Cooperation Agreement

EX-10.1 2 exh10-1_14701.htm COOPERATION AGREEMENT WWW.EXFILE.COM, INC. -- 14701 -- MEDIS TECHNOLOGIES LTD. -- EXHIBIT 10.1 TO FORM 10-Q
EXHIBIT 10.1
Cooperation Agreement
 
This Cooperation Agreement is entered into this 18th  day of October, 2006 by and between More Energy Ltd., a company organized under the laws of Israel (“More”), and Israel Aircraft Industries Ltd., a company organized under the laws of Israel (“IAI”).
 
WHEREAS, More is in the business of developing and commercializing fuel cell technologies for various applications and is the exclusive representative of Oy Hydrocell, a company organized under the laws of Finland (“OY”) which also has developed a unique fuel cell capability;
 
WHEREAS, IAI is a leading international aerospace company with inter alia business units in the business of developing unmanned air vehicle systems (“UAV”);
 
WHEREAS the Parties are interested in carrying out programs for the development of fuel cell system solutions for electrically powered UAV Systems, beginning with a system feasibility and test program for a fuel cell system designed to achieve the Specification attached hereto as Annex 1 (the “Specification”), all in accordance with the terms and conditions set forth herein;
 
NOW THEREFORE, the Parties agree as follows:
 
1.
GENERAL PURPOSE
 
(A)  The Parties are interested in developing a fuel cell system for use as an electrical power supply for an unmanned air vehicle system generally with the characteristics set froth in Annex I hereto (Specification). It is understood that More will be engaging OY as its major subcontractor for this project, though More will be the prime contractor and integrator for this project, with overall responsibility to IAI for this project. This agreement has two phases:
 
(1)  Phase 1 will be the design and build by More of a breadboard level demonstration fuel cell unit to demonstrate the functionality of the system in power (Watts) operating for a minimum time (  *   ) together with an analysis of the feasibility and process for achieving the specified weight for the qualified system. At the end of Phase 1 the parties will determine the level of success and make a decision whether to enter into Phase 2 (with modifications as agreed) or to conclude the agreement at Phase 1. Phase 1 is to be completed within a 6 month period. If Phase 2 is to be carried out, the parties will mutually agree on a detailed Phase 2 document including an SOW, schedule, test program, price and payment terms.
 
(2)  Phase 2 would be a full scale development and qualification of the system. The projected Phase 2 schedule would run for approximately 18 months and, depending on the results of Phase 1, have a ROM budget cost of US$ 1.5 million.
 
(3)  More will use commercially reasonable efforts to implement the attached Phase 1 SOW and to do so substantially in accordance with the schedule forming part of such SOW. IAI will carry out its activities under the SOW in a timely manner so as to facilitate More’s activity.
 
* Subject to a request for confidential treatment; Separately filed with the Commission.

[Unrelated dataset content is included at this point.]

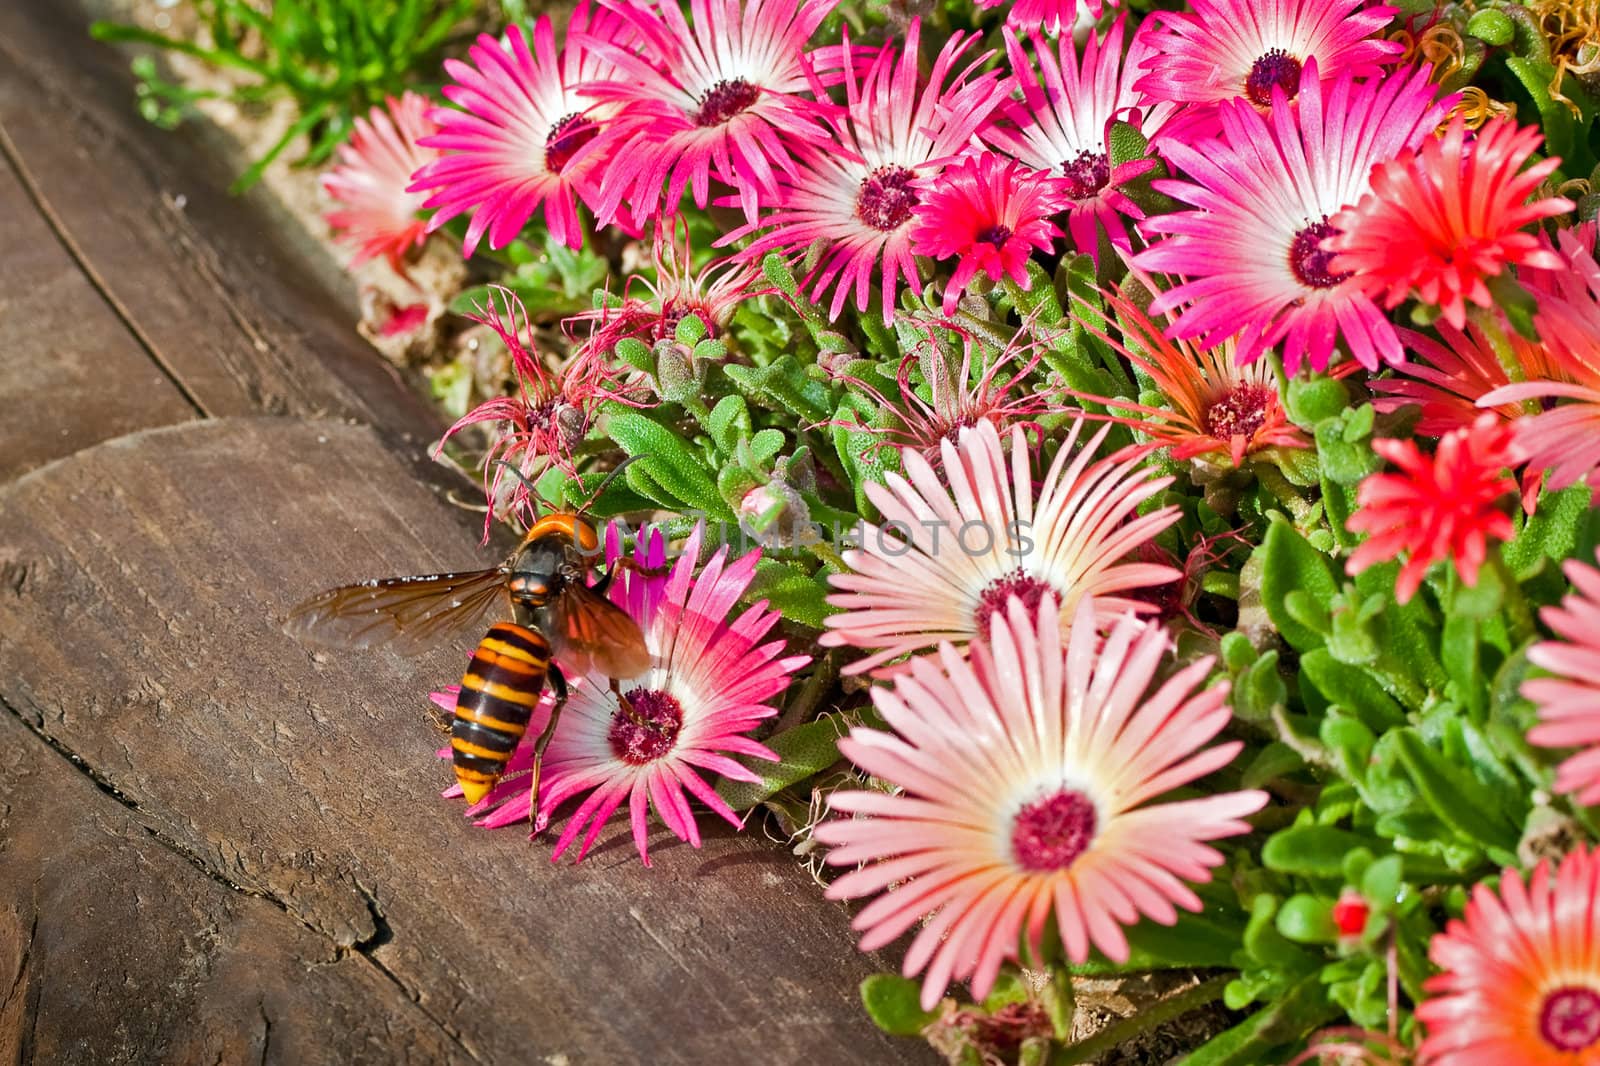 Hornet on a gerbera flower by dsmsoft

(4)  More will carry out internal studies to improve the system specific gravimetric and volumetric energy density of its unique ALKALINE with liquid electrolyte fuel cell technology as a later generation solution for the power source and will provide IAI with the results of that analysis from time to time.
 
2.
PAYMENTS
 
(A)  As its contribution to the More development effort, IAI will pay to More an aggregate amount of US$ 400,000 in accordance with the following schedule:
 
(1)     *   % (i.e., US$    *   ) as a down payment upon signature of this agreement;
 
(2)  An additional US$    *      *    days after the Effective Date of this agreement;
 
(3)  An additional US$    *      *   days after the Effective Date of this agreement;
 
(4)  An additional US$    *      *   days after the Effective Date of this agreement;
 
(5)  The balance of the unpaid aggregate amount at the earlier of completion of the final milestone (i.e.,    *   ) or    180    after the Effective Date of this agreement.
 
(B)  All amounts stated herein are set forth net of any withholding taxes, customs, VAT or any other tax or fee, which may be imposed or payable to any government body. Any such taxes, customs or fees shall be for the account of IAI.
 
(C)  All payments hereunder will be made against invoices submitted by More to IAI at least 30 days prior to the payment date. Payments shall be made in freely transferable United States Dollars.
 
3.
INTELLECTUAL PROPERTY RIGHTS
 
(A)  All rights and interest in the fuel cell technology, including any derivative or improvement thereto, shall at all times belong exclusively to More, whether developed separately or in connection with this agreement. All rights and interest in the UAV technology, including any derivative or improvement thereto, shall at all times belong exclusively to IAI, whether developed separately or in connection with this agreement.
 
(B)  Each Party further agrees to assist the other Party in every proper way to obtain from time-to-time and to enforce United States and foreign patents, copyrights, and other rights and protections relating to the jointly owned products/technologies in any and all countries. To that end, each Party will execute, verify and deliver such documents and perform such other acts (including appearances as a witness) as the other party may reasonably request for use in applying for, obtaining, sustaining and enforcing such patents, copyrights and other rights and protections.
 
* Subject to a request for confidential treatment; Separately filed with the Commission.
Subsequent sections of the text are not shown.